The Bute House Agreement, officially the Cooperation Agreement between the Scottish Government and the Scottish Green Party Parliamentary Group, was a power-sharing agreement between the Scottish National Party (SNP) government and the Scottish Greens which was agreed in August 2021 to support the Third Sturgeon government and then was reaffirmed to support the First Yousaf government.

The Agreement detailed the way in which the Scottish Government and the Green Group in Parliament worked together, the appointment of Green ministers, excluded policy areas from the Agreement, confidence and supply and dispute resolution. The agreement was accompanied by a shared policy programme, which sets out in detail where the two decided to collaborate. In her autobiography, Nicola Sturgeon suggested that part of her considerations in forming the agreement was the possibility of an electoral pact with the Greens at the next Scottish Parliament election "with the SNP focusing on constituency seats and the Greens on the list" although she "wasn't yet sure in [her] own mind about it."

On 31 August 2021, the SNP and Greens entered a power-sharing arrangement which resulted in the appointment of two Green MSPs as junior ministers in the government, delivery of a shared policy platform, and Green support for the government on votes of confidence and supply. There was no agreement on oil and gas exploration, but the government now argued that it had a stronger case for a national independence referendum.

The agreement was a key part of the 2023 SNP leadership election, with candidates Kate Forbes and Ash Regan critical of it, while Humza Yousaf was supportive. Following Yousaf's victory, he initially maintained the agreement during his first ministry. On 25 April 2024, following a meeting at Bute House, it was decided by First Minister Yousaf that the power sharing agreement would come to an end with immediate effect. The resulting government crisis led to Yousaf's resignation.

== Background ==

=== Previous SNP-Green collaboration ===
Following the 2007 Scottish Parliament election, the SNP won the largest amount of seats but fell short of an overall majority. As a result of this, then SNP leader Alex Salmond sought to form a coalition with the Liberal Democrats. When those talks failed, the SNP chose to form a one-party minority government. The Greens signed an agreement where the Greens supported SNP ministerial appointments, but did not offer support for any confidence or budget votes ("confidence and supply"). The draft agreement was unanimously endorsed by the SNP's national executive committee.

Following the 2016 Scottish Parliament election, the SNP had once again formed a minority administration. The Greens supported the SNP in a confidence and supply arrangement which saw them backing budgets by the party and voting with the party on other such votes as the motions of no confidence in First Minister Nicola Sturgeon and Deputy First Minister John Swinney which both failed to pass in 2021 as a result of their backing. Sturgeon wrote in her autobiography that she believed a deal with the Greens in the new parliament would be ideal following these confidence votes and what she saw as "opportunism and perpetual game-playing of opposition parties."

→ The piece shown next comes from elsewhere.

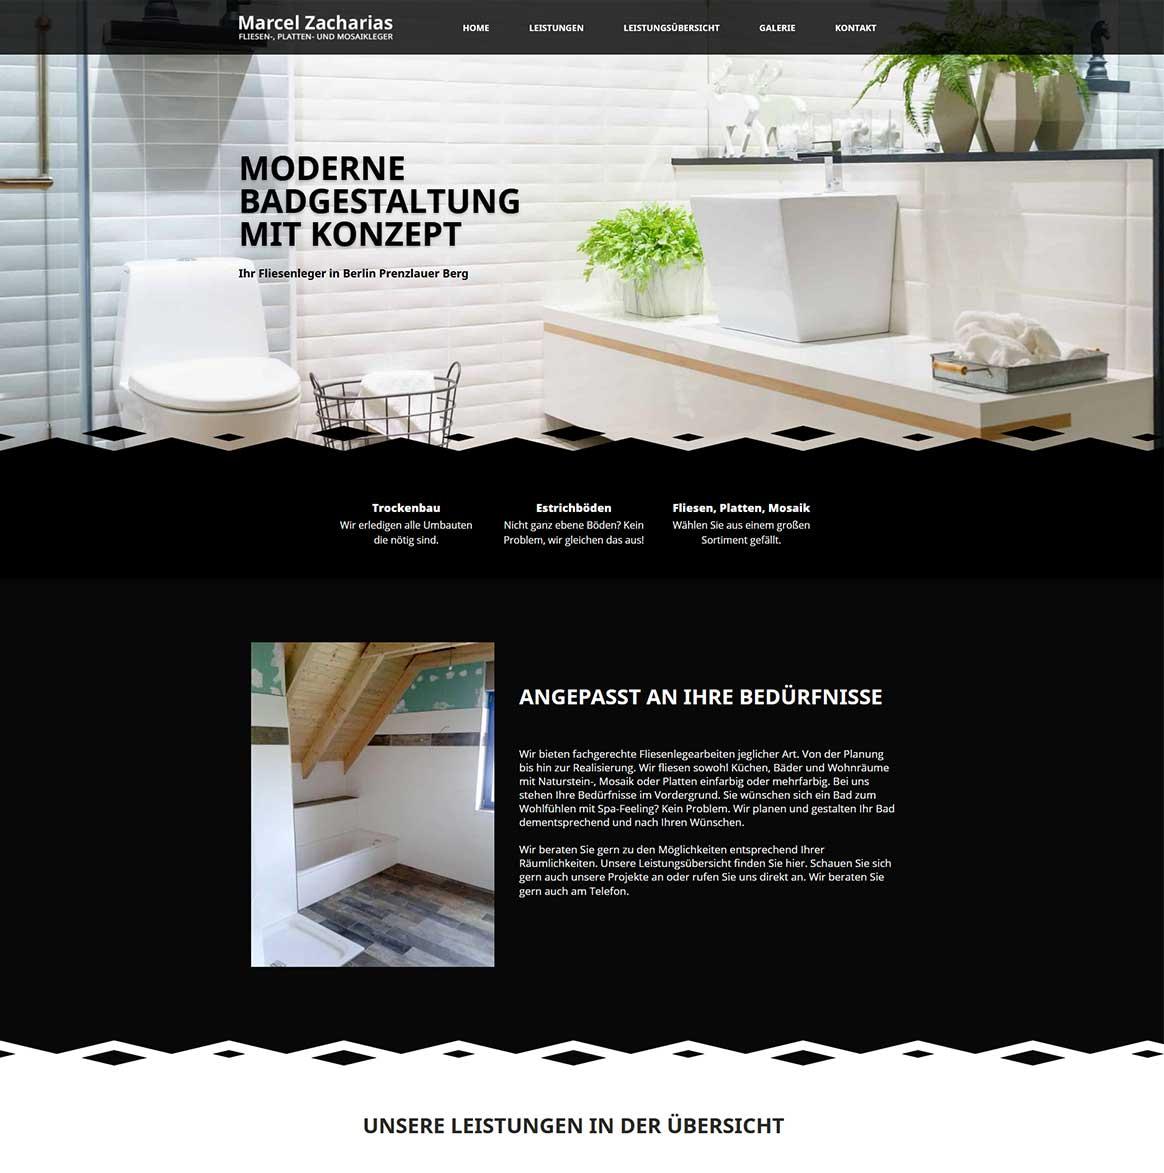 Webdesign Grafik der Webseite Fliesenleger Marcel Zacharias

During the 2016 Scottish Parliament election, co-leader of the Greens Patrick Harvie indicated that the Greens were "willing to have conversation" with the largest party about entering government.

=== Agreement reached ===
On 20 August 2021, following two months of negotiations, the SNP and the Greens announced a new power-sharing agreement. While not an official coalition, for the first time in Scottish and UK history it offered the Greens two ministerial posts.

The Greens required both the majority of its members and a two-thirds majority of its party council to approve of the agreement in a vote before it could be enacted, both of which were achieved.

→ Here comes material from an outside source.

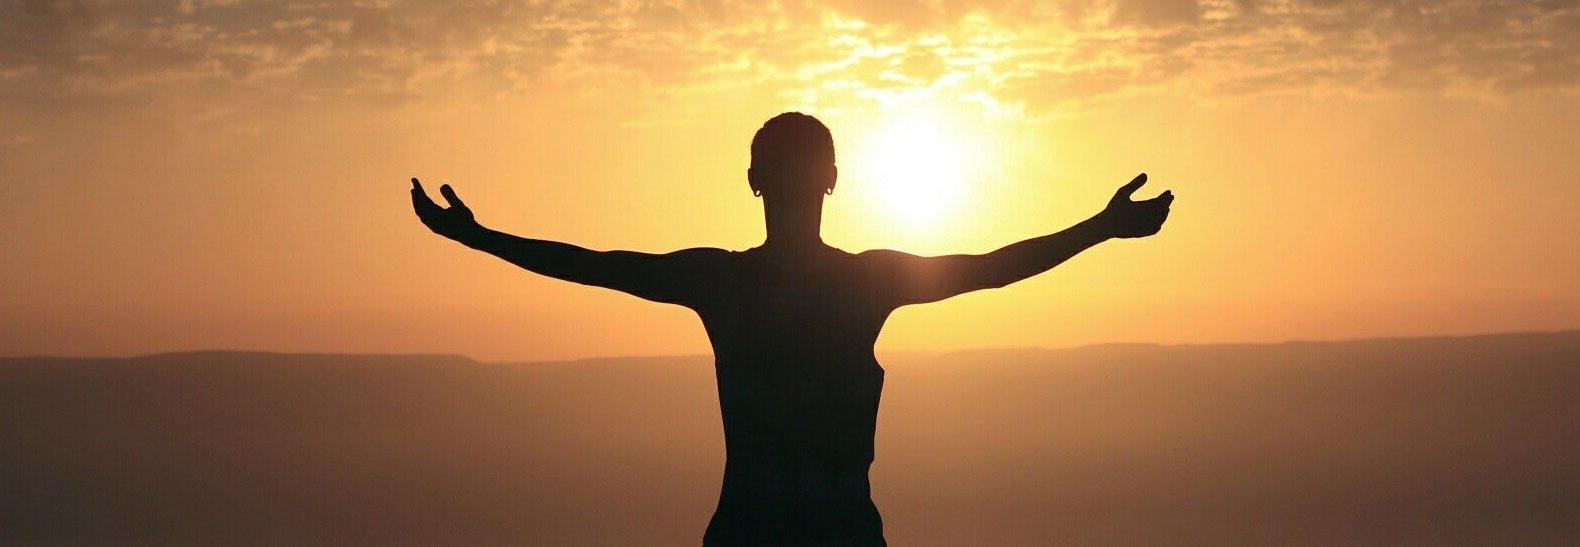 Nuova spiritualità

The agreement is based on the co-operation agreement between the Labour Party and the Green Party in New Zealand, reached in November 2020.

==== Initial reception ====
Academic Professor Nicola McEwen suggested that the agreement "sometimes pushes [the SNP] further" particularly on climate, social and fair work policy. She also argues that the two parties had already converged on many issues over the preceding decade. Some commentators on the left praised the agreement for its commitments to railway decarbonisation, rent controls and a just transition fund for the North East of Scotland. Outside the parties, some commentators thought the agreement was too radical and argued that the Greens are "dangerous, extremist influence on [the] government" and it was condemned by the Conservatives and Labour

Announcing the deal, the Green co-leader said that he hoped that party members would see it as an 'extraordinary opportunity' for the party. Former co-convenor Robin Harper called the agreement "disappointing". Inside the party, other critics included Edinburgh councillor Chas Booth who felt the agreement did not do enough for local services, while Adam Ramsay, writing in openDemocracy worried the agreement " few... ideas [that] mean picking real fights with people with much power However other members welcomed the chance to influence government policy.

== Agreement ==
While not an official coalition, the parties produced a shared policy programme which only excludes six policy areas. This has led to some opposition parties labelling it as a coalition despite not formally being so.

As part of the agreement, the two Green co-leaders were appointed to ministerial posts. Green MSP Ross Greer is also understood to have an important role in maintaining relations with the Scottish Government and the Green group, and therefore meets with the Deputy First Minister of Scotland fortnightly.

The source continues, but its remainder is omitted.